For non-local keys, a custom RPC mechanism must be implemented using KafkaStreams.allMetadata() to query the value of the key on a parallel running instance of your Kafka Streams application.
For failure and recovery the store will be backed by an internal changelog topic that will be created in Kafka. Therefore, the store name defined by the Materialized instance must be a valid Kafka topic name and cannot contain characters other than ASCII alphanumerics, '.', '_' and '-'. The changelog topic will be named "${applicationId}-${storeName}-changelog", where "applicationId" is user-specified in StreamsConfig via parameter APPLICATION_ID_CONFIG, "storeName" is the provide store name defined in Materialized, and "-changelog" is a fixed suffix. You can retrieve all generated internal topic names via Topology.describe().

Type Parameters:
VR - the value type of the aggregated KTable
Parameters:
initializer - an Initializer that provides an initial aggregate result value
adder - an Aggregator that adds a new record to the aggregate result
subtractor - an Aggregator that removed an old record from the aggregate result
materialized - the instance of Materialized used to materialize the state store. Cannot be null
Returns:
a KTable that contains "update" records with unmodified keys, and values that represent the latest (rolling) aggregate for each key

For KGroupedStream aggregate() you need an initializer, an adder, a Serde and a StateStore name (name of your aggregation)

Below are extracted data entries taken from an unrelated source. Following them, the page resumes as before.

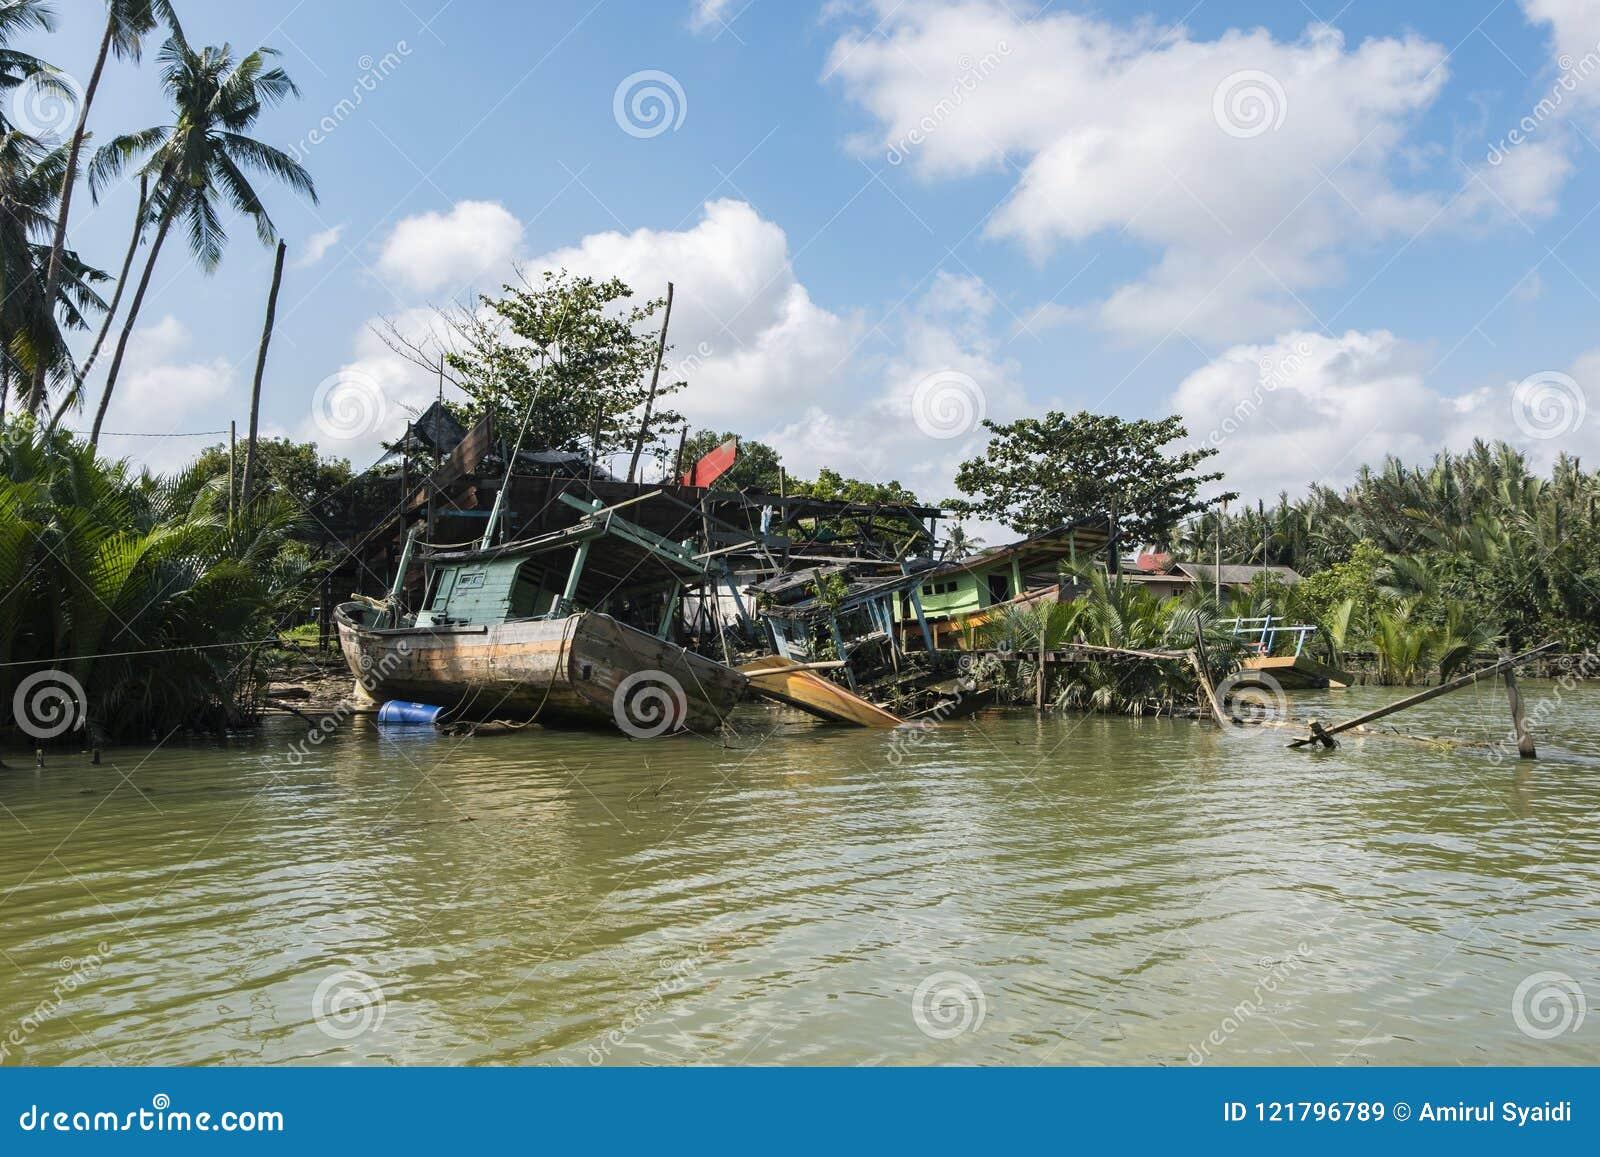 Dilapidated abandon fisherman boat stranded near the riverside a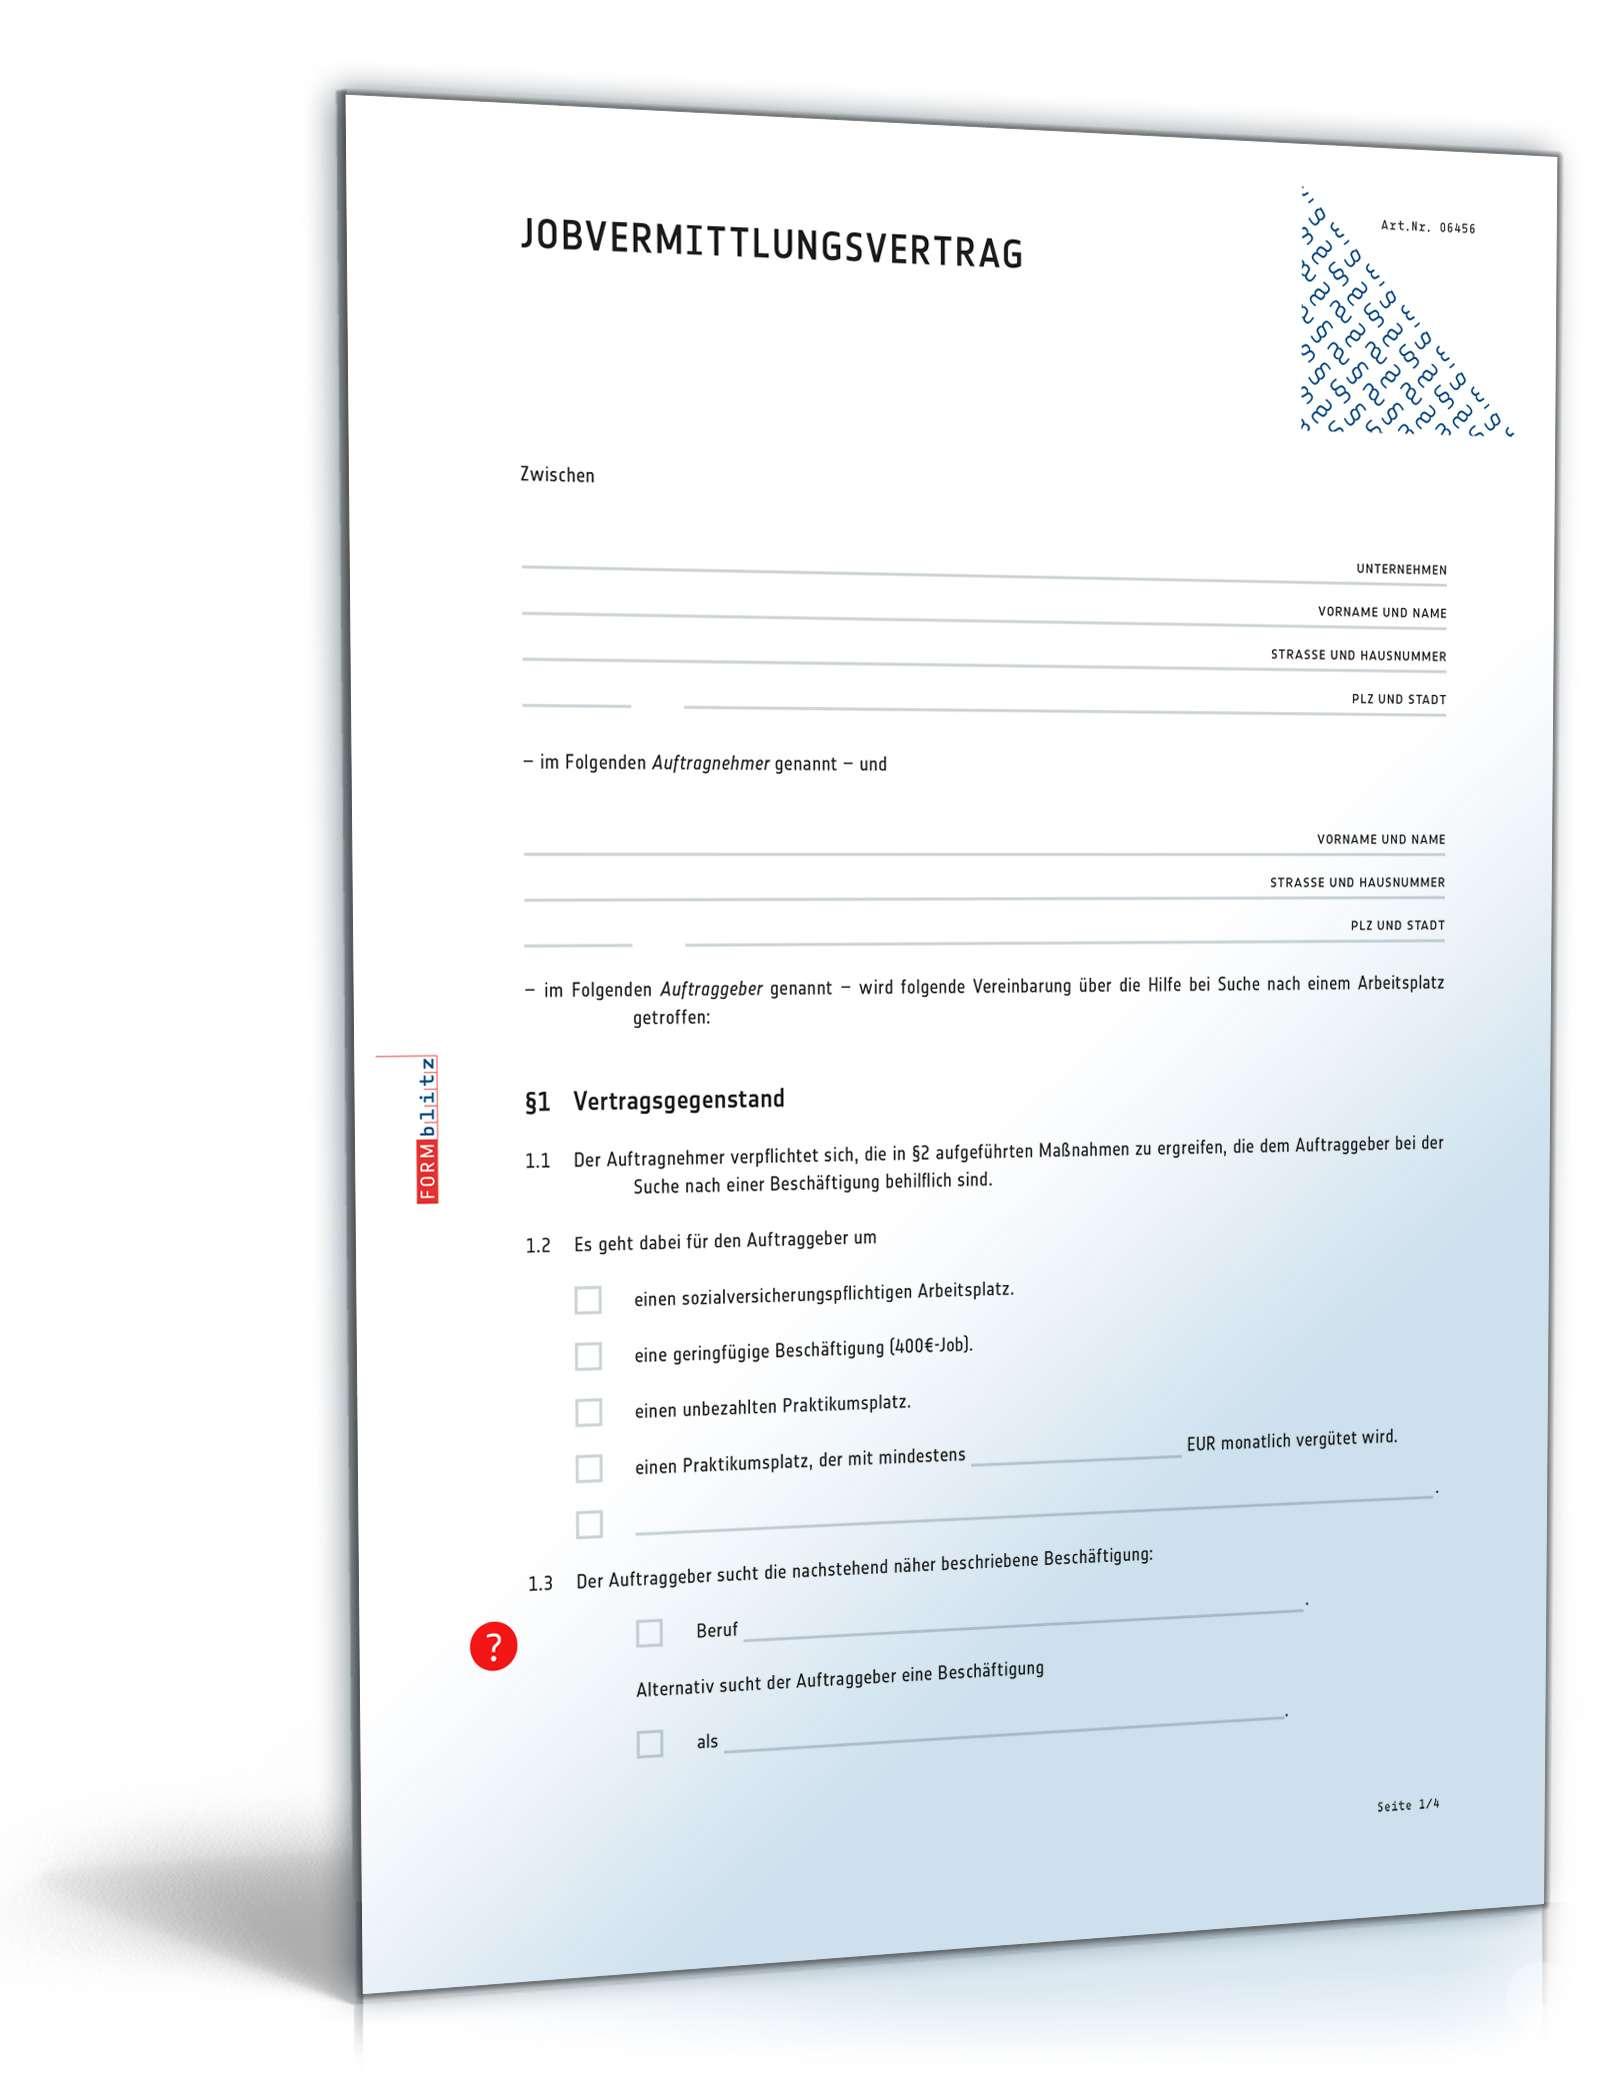 Vertrag Jobvermittlung Rechtssicheres Muster Zum Download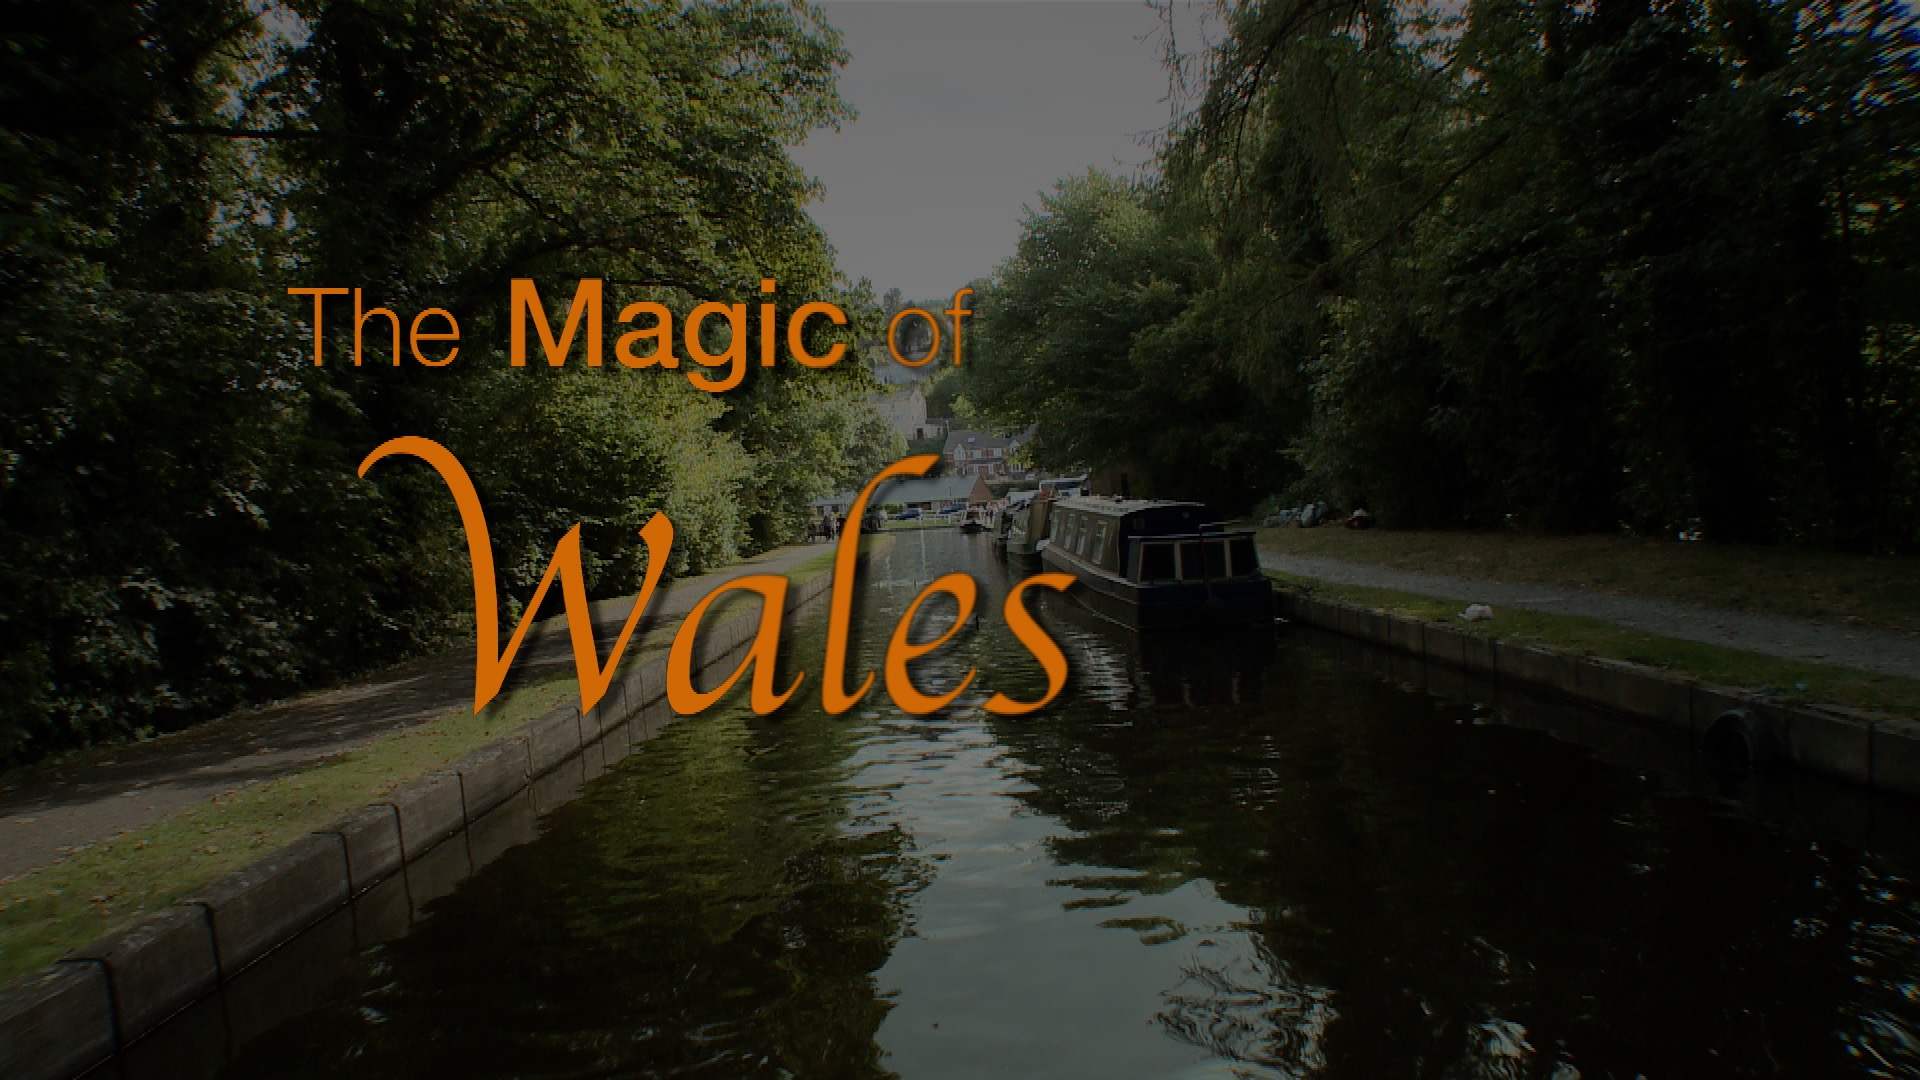 The Magic of Wales.jpg

For KGroupedTable aggregate() you need an initializer, an adder, a substractor, a Serde and a StateStore name (name of your aggregation)

substractor is used for keep current state of data, if key1, value1 is updated to key1, value2 then by count we will got key1, (count of value1 - 1)

Why do we need substractor in KGroupedTable, but not in KGroupedStream? Because in Stream we only will perform insert operation, which for aggregate() could be handled with add. In KGroupedTable we perform not only insert, but also update/delete, that's why we need a substractor for it.